(What the task asks): Here the job is to transcribe the data exactly while omitting the images.

(Data shown):

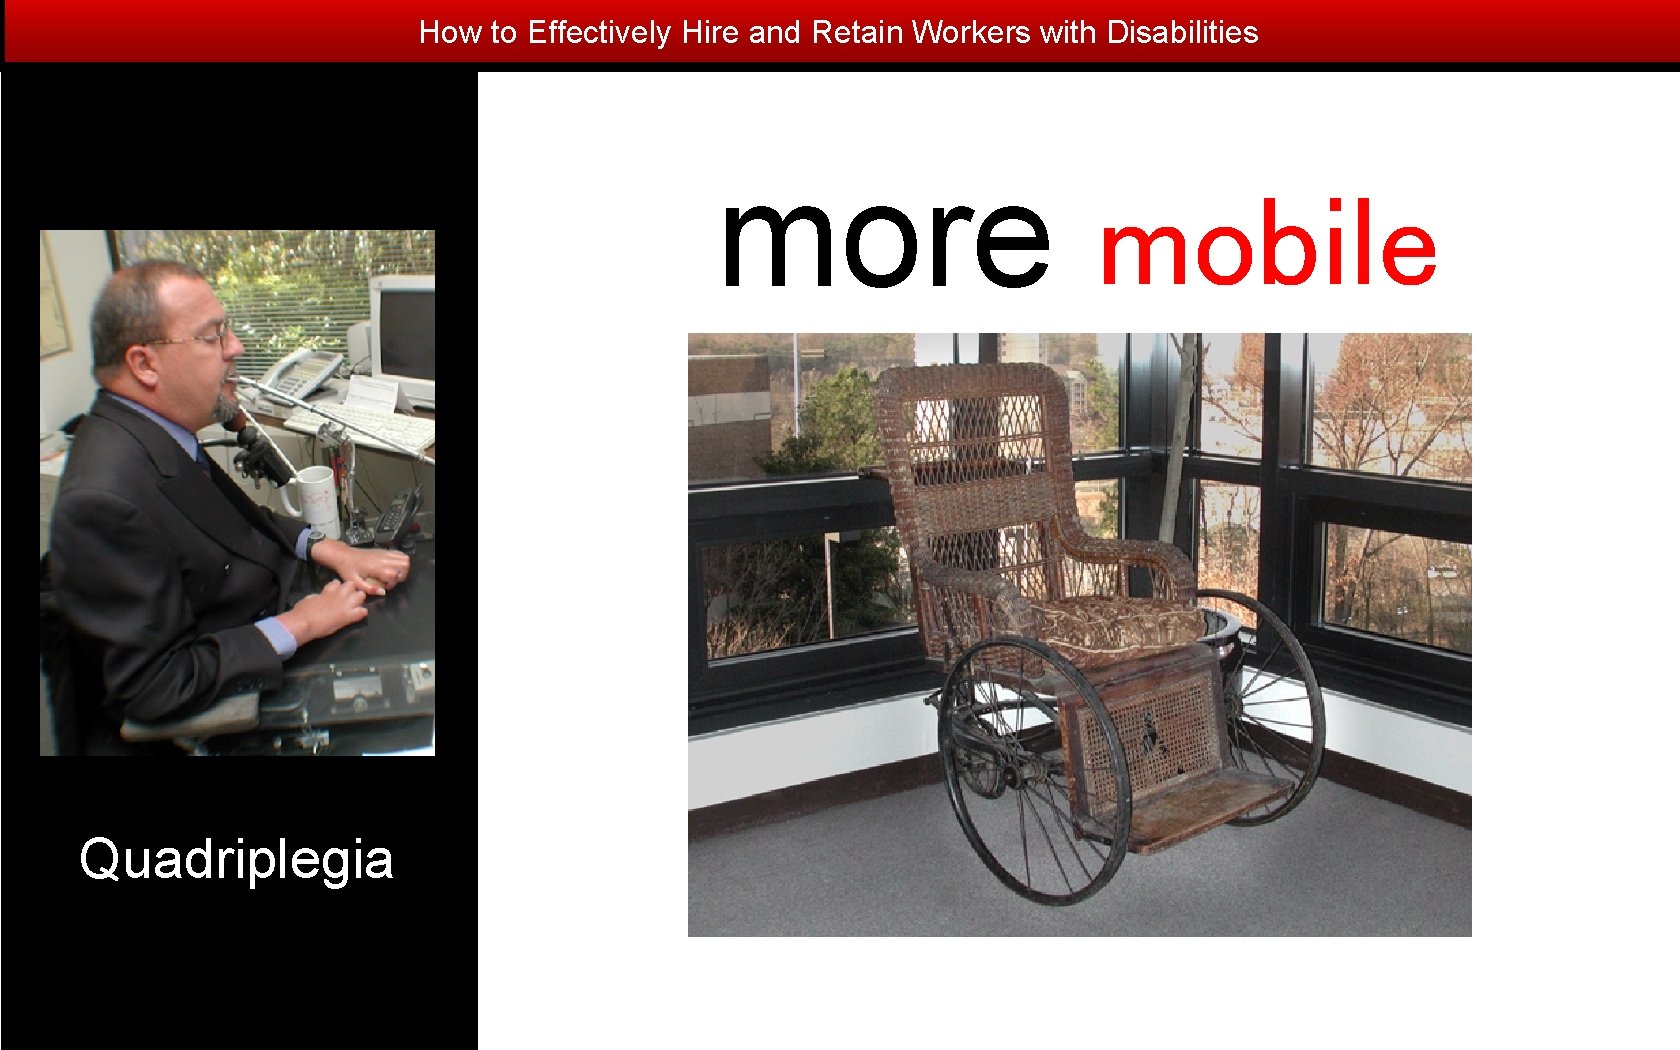 How to Effectively Hire and Retain Workers with Disabilities more mobile Quadriplegia 
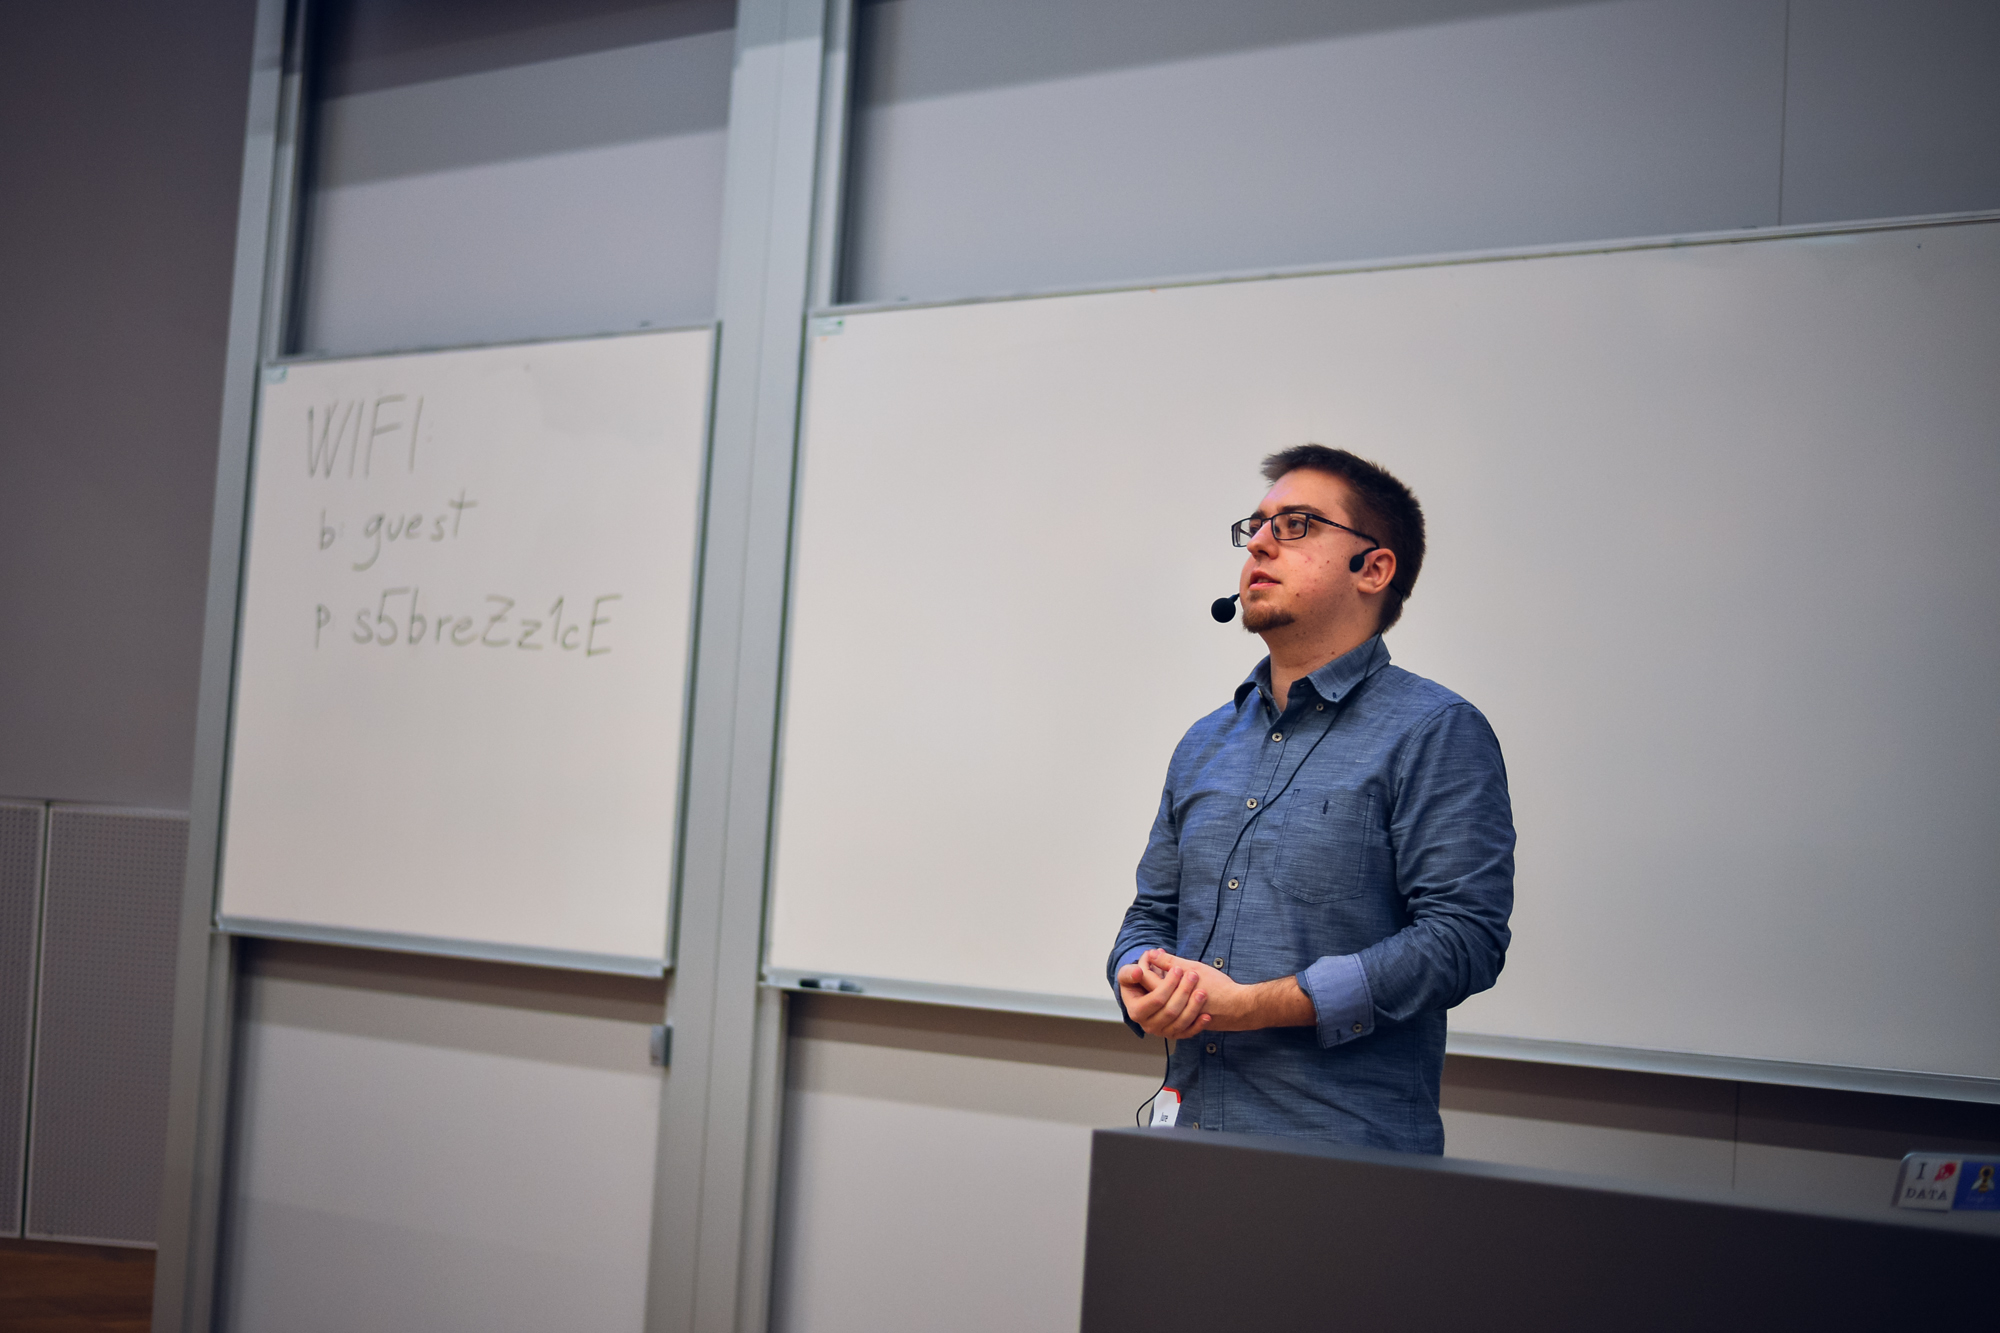 a man standing in front of a whiteboard giving a presentation
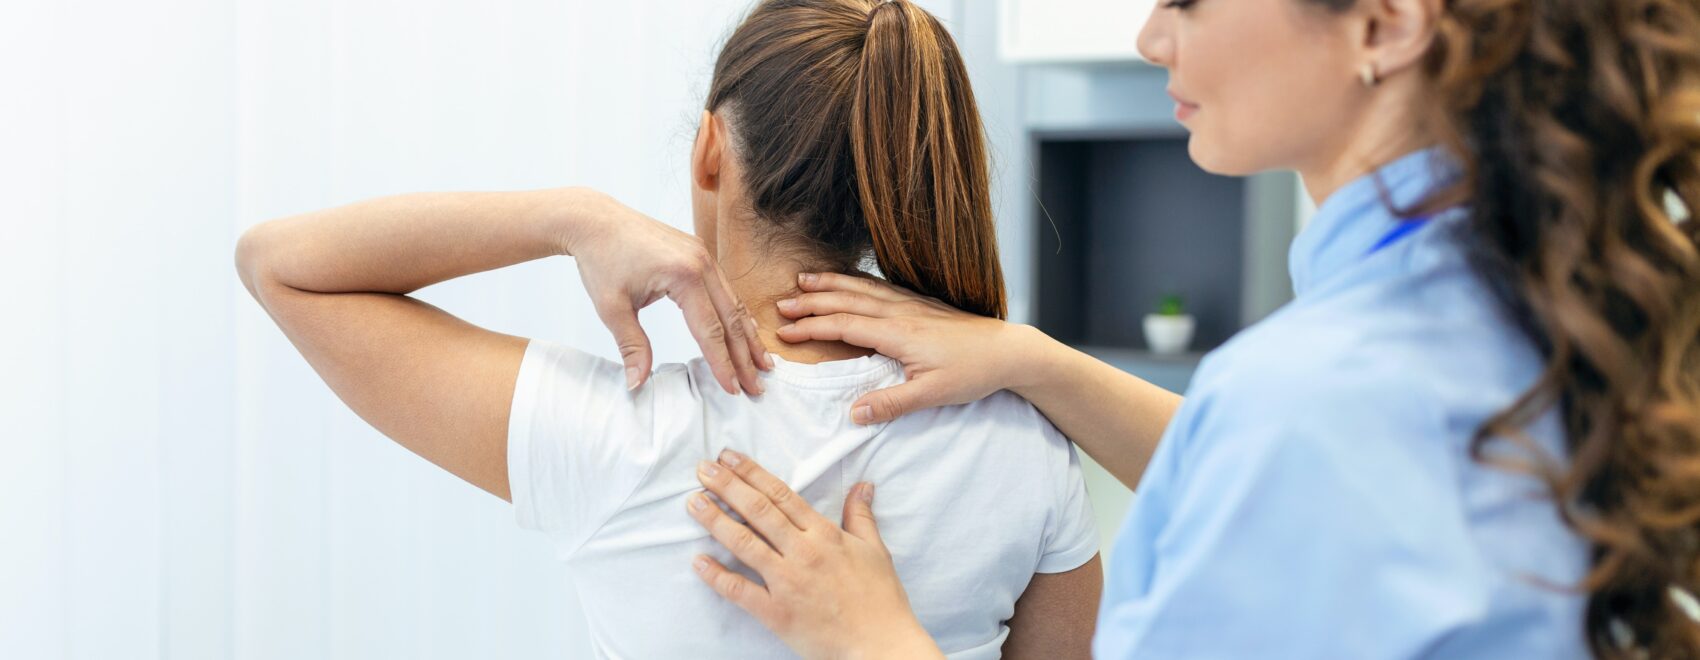 Image of a Chiropractor in Orland Park assessing a patients back. Showing what you can expect when you can expect from seeing a holistic chiropractor for chiropractic care in Orland Park or the Chicago area.
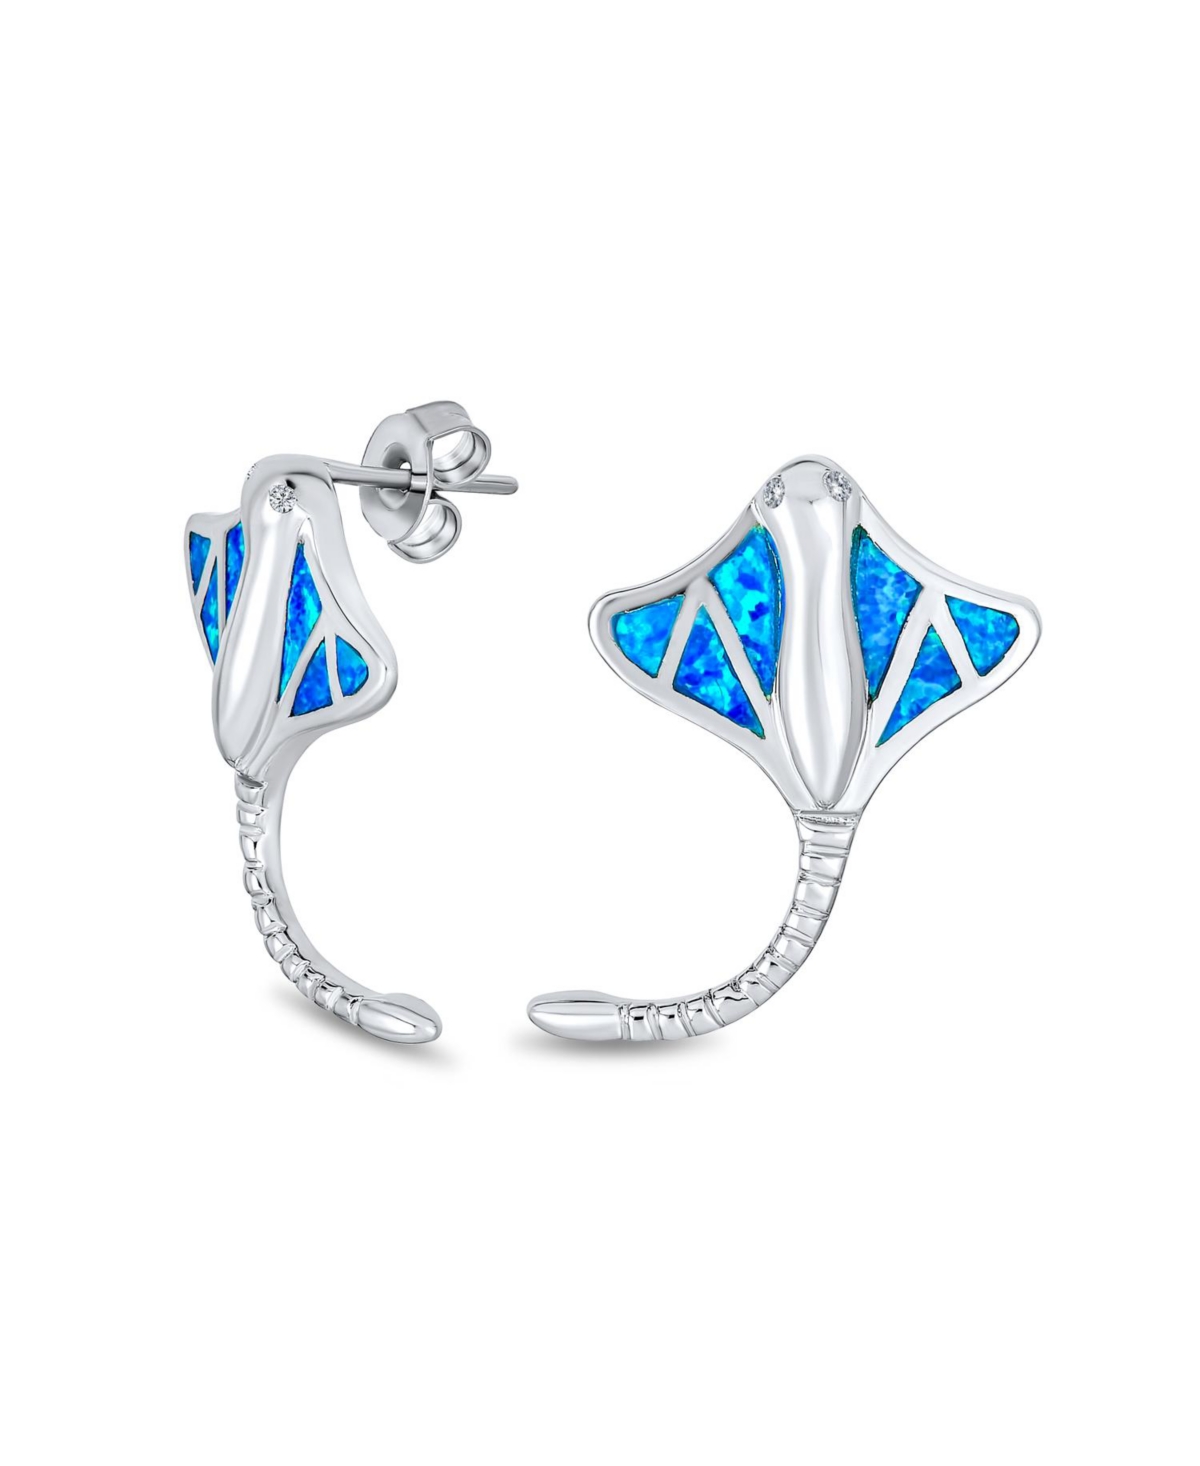 Nautical Blue Inlay Created Opal Large Stingray Stud Earrings For Women.925 Sterling Silver October Birthstone - Silver blue

(Written reply):
 How to Effectively Hire and Retain Workers with Disabilities more mobile Quadriplegia 
 a man standing in front of a whiteboard giving a presentation
 Image of a Chiropractor in Orland Park assessing a patients back. Showing what you can expect when you can expect from seeing a holistic chiropractor for chiropractic care in Orland Park or the Chicago area.
 Nautical Blue Inlay Created Opal Large Stingray Stud Earrings For Women.925 Sterling Silver October Birthstone - Silver blue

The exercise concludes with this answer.